Numerous campesinos denounced the impact of the aerial fumigations carried out by the Colombian military as part of Plan Colombia. A campesina told us how in November 1999, 20 days after bathing in a stream that had been recently fumigated with the Glyphosate chemical used by the Colombian military in the fumigations, her husband fell ill – four days later he died. Others reported the destruction of their crops: corn, beans, plantain, rice, cassava, all arbitrarily fumigated as part of the government's US backed anti-narcotics program. They have received no compensation.
A trade-unionist and leader of sugar-cane workers informed the audience of his ordeal. An emblematic case demonstrating the 'victimisation' and 're-victimisation' suffered by so many community activists and human rights defenders. In August 2002 he had 7 Ha (1 Hectare is equal to 2.5 acres) of sugar-cane destroyed by aerial fumigations. He carried on. In July 2003 he had 22 Ha of sugar-cane cultivated and ready for harvest. At the beginning of that month came the second fumigation destroying once more his entire crop. As he sought justice for his damaged crops he received nothing less than attacks from paramilitaries, accusations of growing sugar-cane for the guerrilla from the the state's criminal investigation unit (CTI), and a series of arrest warrants which led to his detention for rebellion. He was released after eight days.
An end to impunity
Colombia's high impunity rate is alarming. According to the Washington based human rights organisation US Office on Colombia, of 784 human rights defenders threatened, attacked, or assassinated (pdf) between 2002 and 2009, only ten cases have seen a conviction. Indeed UN officials have repeatedly manifested their concern, again questioning government achievements in their recently released annual human rights report. But it is not just the impunity that is of concern. Instead of receiving positive judicial results, the victims are often confronted with further threats, attacks or even legal processes.
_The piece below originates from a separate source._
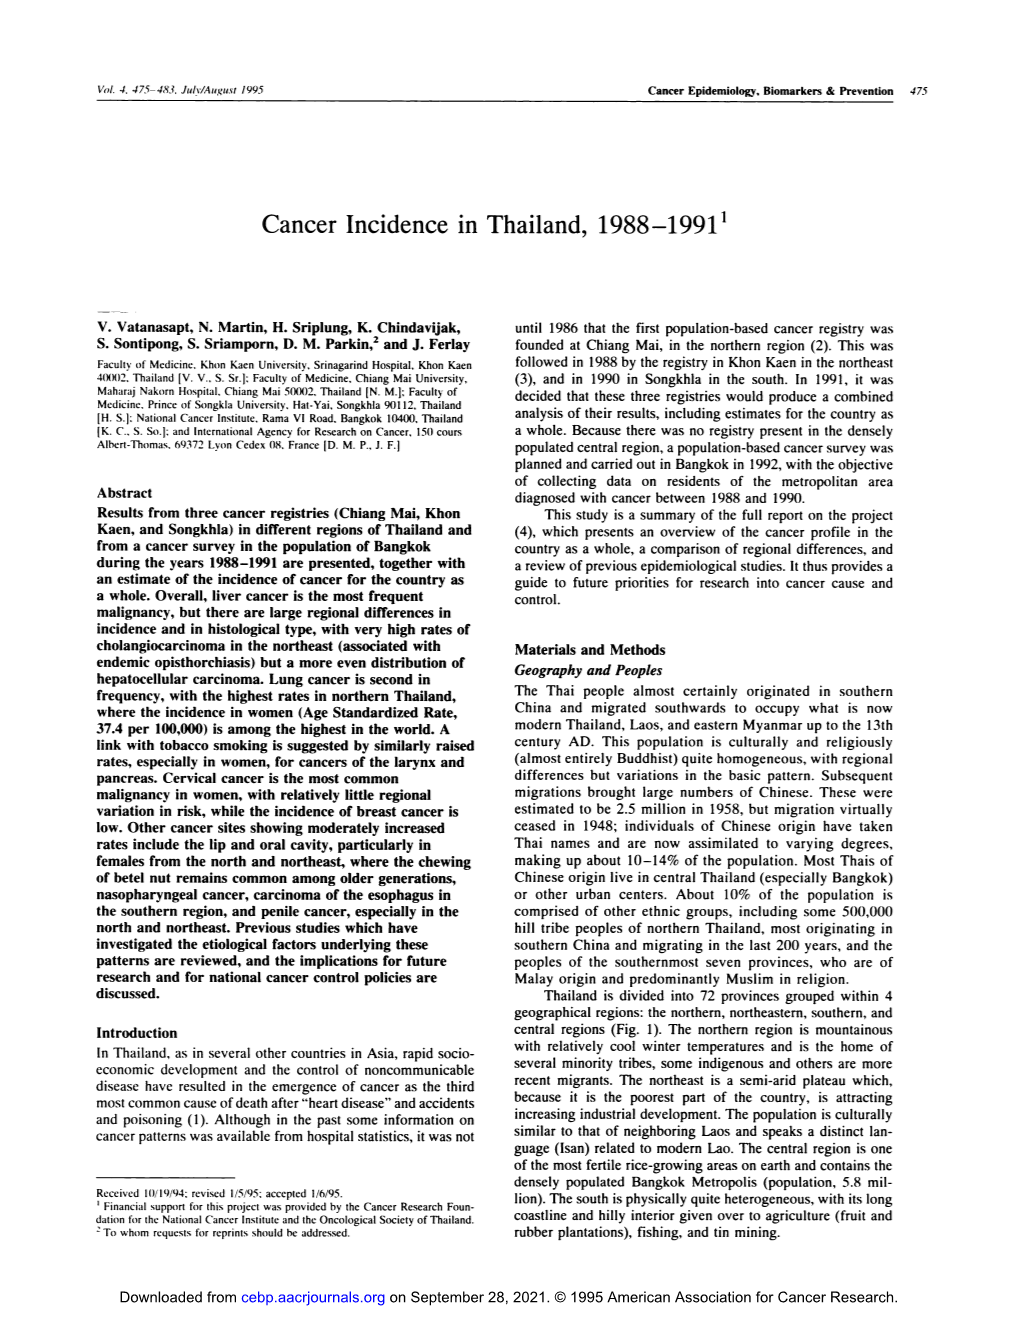 Cancer Incidence in Thailand, 1988 19911

Before the close of the event, the 390 cases were collected together and, with the backing of a senator and two house representatives, were presented to a delegate from the public prosecutor's office. The coalition of grass-roots and human rights organisations have acted and will continue to act in the search of an end to impunity and a new social reality for Putumayo. The responsibility lies also with the public institutions to comply with their obligations, to push for an end to impunity, and to provide justice for the victims of Putumayo and the many more across Colombia.
As Mario the campesino leader succinctly affirmed, “for true peace, first there must be justice.”